When I was pregnant with my second child, I huffed and puffed into my parents’ kitchen over the holidays and plopped down in a chair, complaining about every ache and discomfort in my body. My sister sniffed: “I loved every moment of my pregnancy.” Inside, I rolled my eyes and questioned her truthfulness…or at least, her memory. Out loud, I said only, “Wait till your second. The first pregnancy is for enjoying. The rest are for getting through.”
Two years later, that same sister, now pregnant with her second child, plopped down in the same chair to enumerate her woes. Our youngest sister put her hands on her hips and said, “You’re not encouraging me to start having babies, you know.”
There’s lots of advice out there on how to get pregnant…how to take care of yourself and your baby during pregnancy…how to have a great sex life in spite of pregnancy…but let’s face it, the hardest part about being pregnant is…well, being pregnant.
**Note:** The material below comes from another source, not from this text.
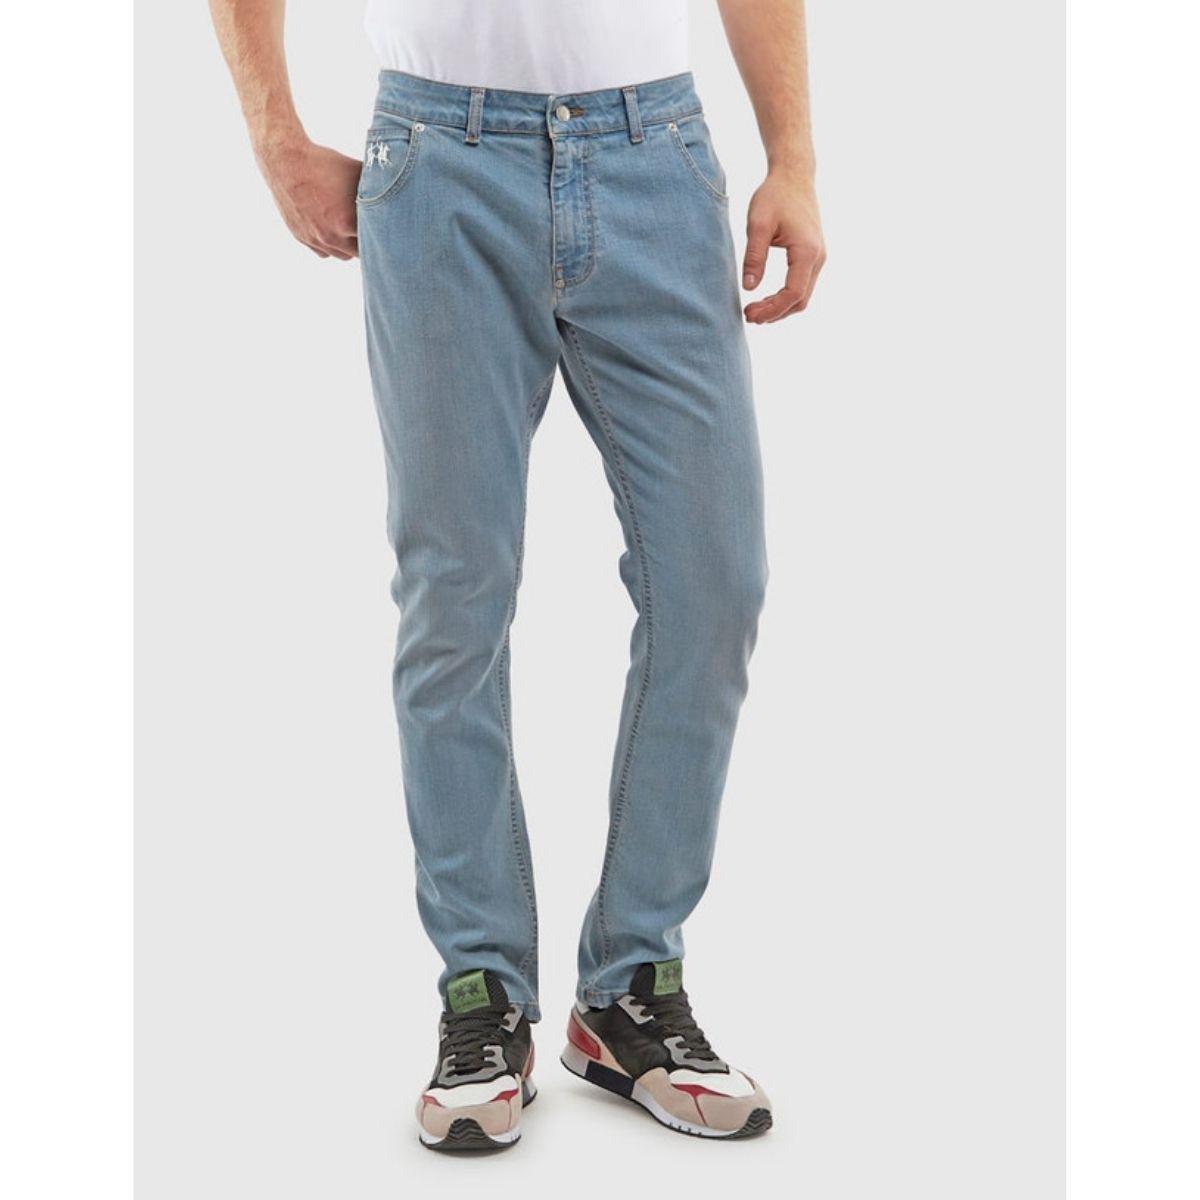 Jeans La Martina 5 Tasche...

I am 23 weeks into my fourth pregnancy now. Although that is several fewer than many readers of this blog, I think I have enough experience to justify dispensing a little unsolicited wisdom.
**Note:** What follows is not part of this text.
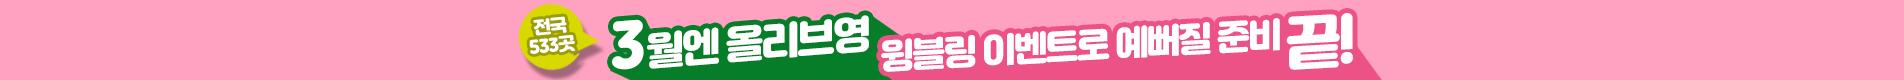 3월엔드-pc띠배너-20190227

Embrace the hormones. You’ll be crying over books, movies, Scripture readings, beautiful music…and it’s a wonderful thing. In this jaded world, how precious are the moments in which we really allow our souls to be that vulnerable?
Live in the moment. You never know if this may be the last time you get to nurture a child beneath your heart. Take a minute to pause, to mark the changes in your body—both miraculous and unpleasant—to thank God for the beautiful and ask for help to bear the rest with grace.
Don’t take the annoying questions to heart. People are going to ask how you’re feeling. You’re going to get tired of it. They’re going to ask if you know “what” you’re having. You’re going to get tired of it. But people have the best intentions. They want to show they care. Take it as it’s intended. It’s okay to answer with a short, generalized answer. You don’t have to invest the emotional energy to come up with anything more profound than, “Fine, thanks. How are you?”
Give yourself a break. We all want to be super women and super moms, but sometimes you just can’t do it all. It’s okay to lower your standards, to take a nap, to rest and baby yourself a bit. But at the same time…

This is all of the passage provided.